Hoe vaak wel niet zat ik tijdens een les met zo veel verlangen naar buiten te kijken en te denken; als er nu iemand komt die ik ken, die voor het raam gaat staan en roept “Ga mee!”, dan ga ik! Dan ga ik verdomme recht uit het raam en dan hebben ze allemaal het nakijken!
Maar natuurlijk kwam er nooit iemand, en waarom voor jezelf al die moeite doen met ramen, spijbelen en taken.
Nu lopen in dat gebouw andere mensen. In die school zit nu een andere school, waardoor “mijn school” al helemaal in brokstukken uiteen is gevallen. Er is het gebouw waarin ik voor het eerst Latijn leerde, maar dat gebouw herbergt nu een MAVO, er is daar niets of niemand die zich mij herinnert. Dan zijn er de leraren die me ooit lesgaven, die nu rondlopen in een gebouw waar ik nog nooit binnen ben geweest, en ze vertegenwoordigen een school die ik nooit af heb gemaakt. Dan is er de school waar ik mijn diploma heb gehaald, maar waar ik te weinig ben geweest om het mijn school te noemen, waar ik me toch nooit echt thuis heb gevoeld, waarvan ik echt nooit naar een reünie zou gaan.
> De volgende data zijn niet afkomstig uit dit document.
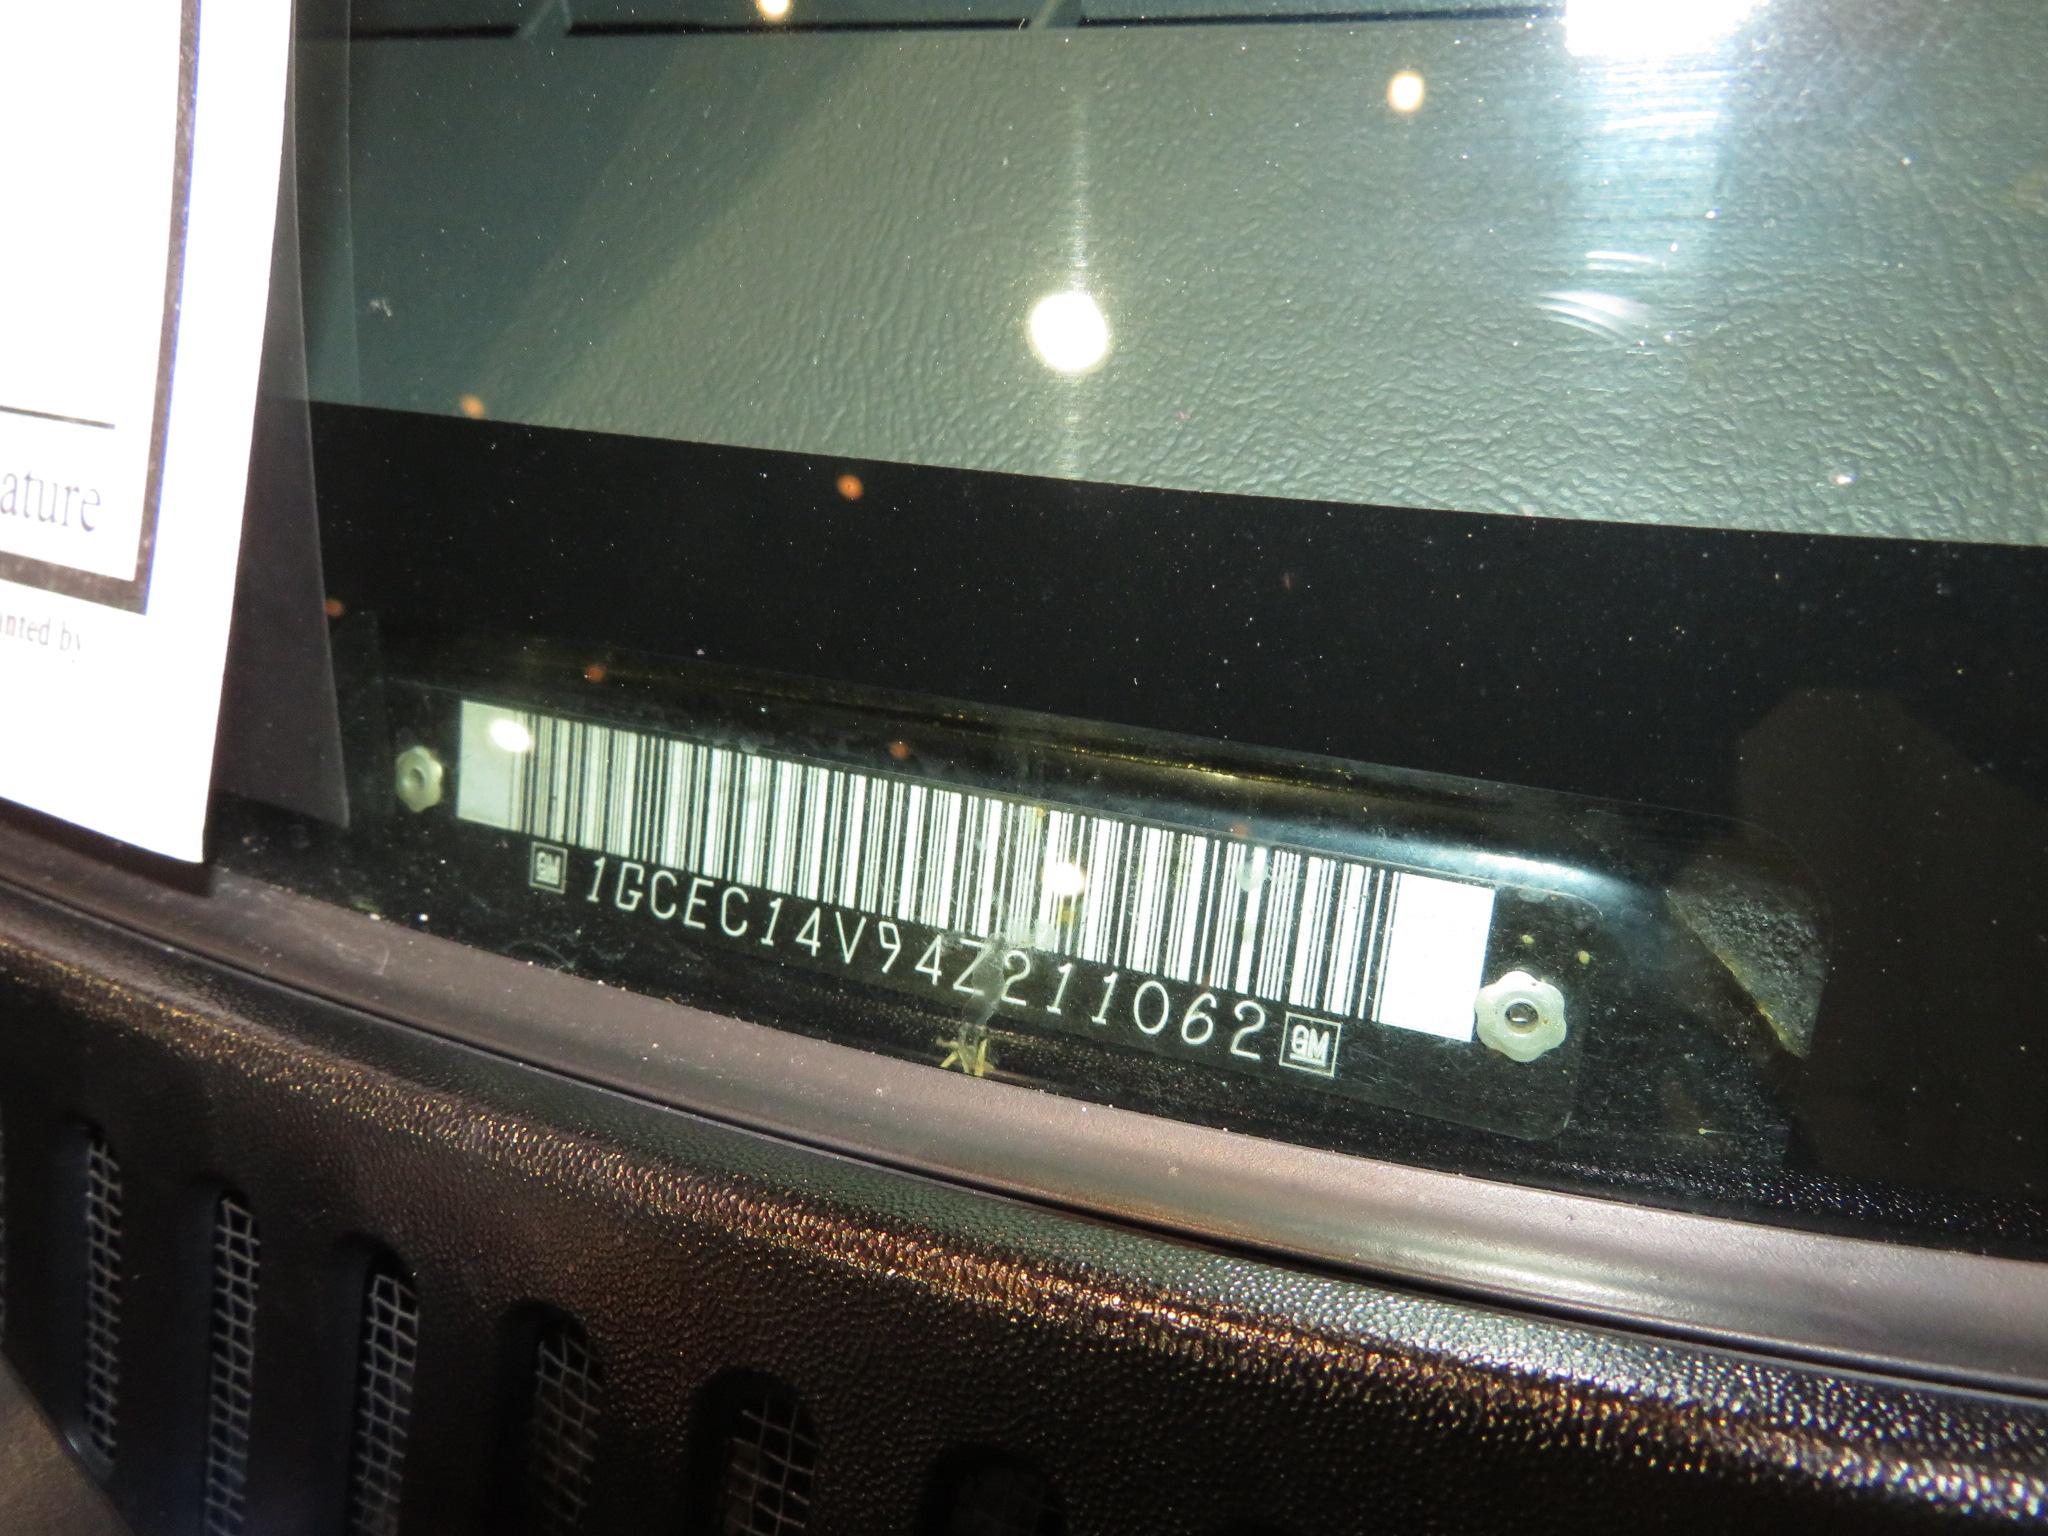 4th Image of a 2004 CHEVROLET SILVERADO 1500 RST

Maar nu is er opeens een gebouw bij gekomen. Ik liep er woensdag rond, en dat was nog steeds een bevreemdende ervaring. Dat gebouw mag ik volgend jaar mijn school noemen, dus misschien zal ik er nu dan toch echt een krijgen.
Mijn?
Mijn school.
Wachten?
Nee, werken deze keer, werken.
Mijn sentiment ligt niet, zoals bij jou, in het verleden, maar in de toekomst. School, ik heb nu al heimwee naar je.